Purpose
There is an increasing use of geocoded birth registry data in environmental epidemiology research. Ungeocoded records are routinely excluded.
Methods
We used classification and regression tree analysis (CART) and logistic regression to investigate potential selection bias associated with this exclusion among all singleton Florida births in 2009 (N=210,285).
Results
The rate of unsuccessful geocoding was 11.5% (n=24,171). This ranged between 0% to 100% across zip codes. Living in a rural zip code was the strongest predictor of being ungeocoded. Other predictors for geocoding status varied with urbanity status. In urban areas, maternal race [adjusted odds ratio (aOR) ranging between 1.08 for Hispanic to 1.18 for Black compared to White], maternal age [aOR: 1.16 (1.10-1.23) for ages 20-34 compared to <20], maternal nativity [aOR: 1.20 (1.15, 1.25) for Non-US vs. US born], delivery at a birth center [aOR: 1.72(1.49, 2.00 compared to hospital delivery)], multiparity [aOR: 0.91 (0.88, 0.94)], maternal smoking [aOR: 0.82 (0.76-0.88)] and having non-private insurance [aOR: 1.25 (1.20-1.30) for Medicaid vs. private insurance] were significantly associated with being ungeocoded. In rural areas, births delivered at birth center [aOR: 2.91(1.80-4.73)] or home [aOR: 1.94(1.28-2.95) had increased odds compared to hospital births.
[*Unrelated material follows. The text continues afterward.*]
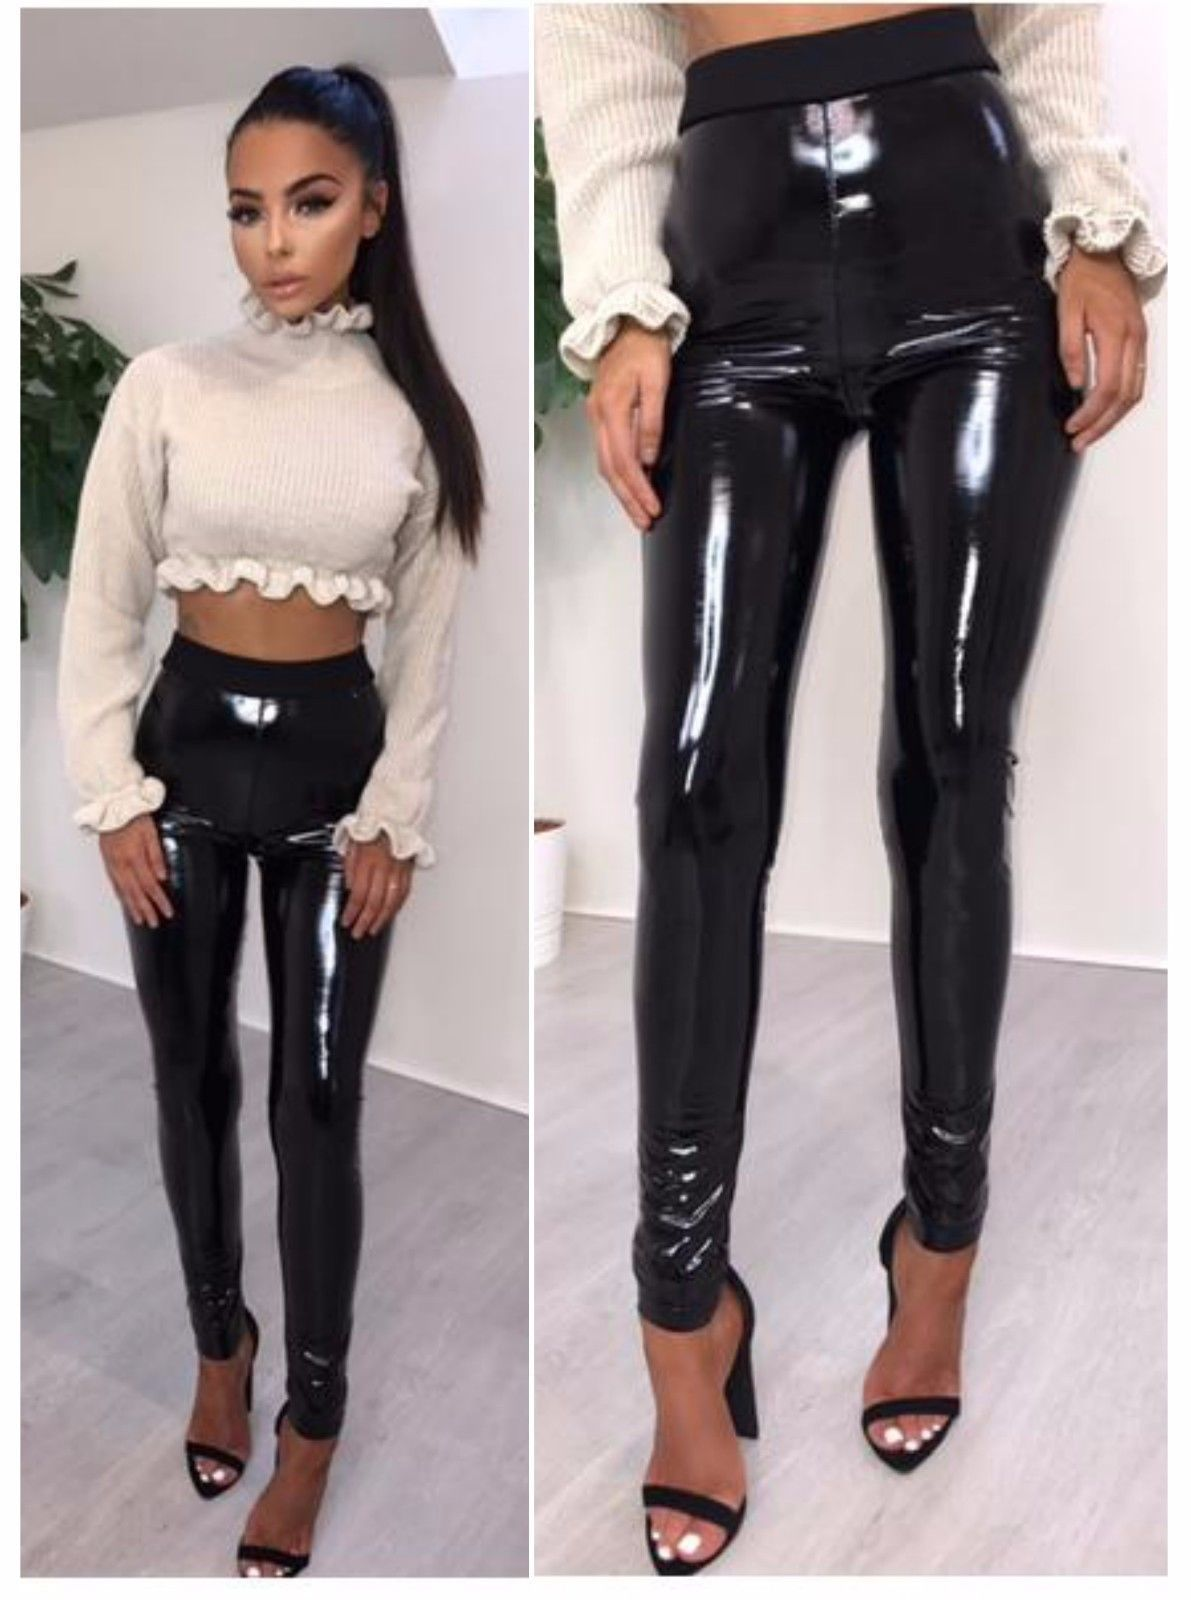 New fashion Women Ladies Soft Stretchy Shiny Wet Look PU leather Leggings Trouser Pants stylish female skinny black pants

The characteristics predictive of being ungeocoded were also significantly associated with adverse birth outcomes such as low birthweight and preterm delivery, and the association for maternal age was different when ungeocoded births were included and excluded.
Conclusions
Geocoding status is not random. Women with certain exposure-outcome characteristics may be more likely to be ungeocoded and excluded, indicating potential selection bias.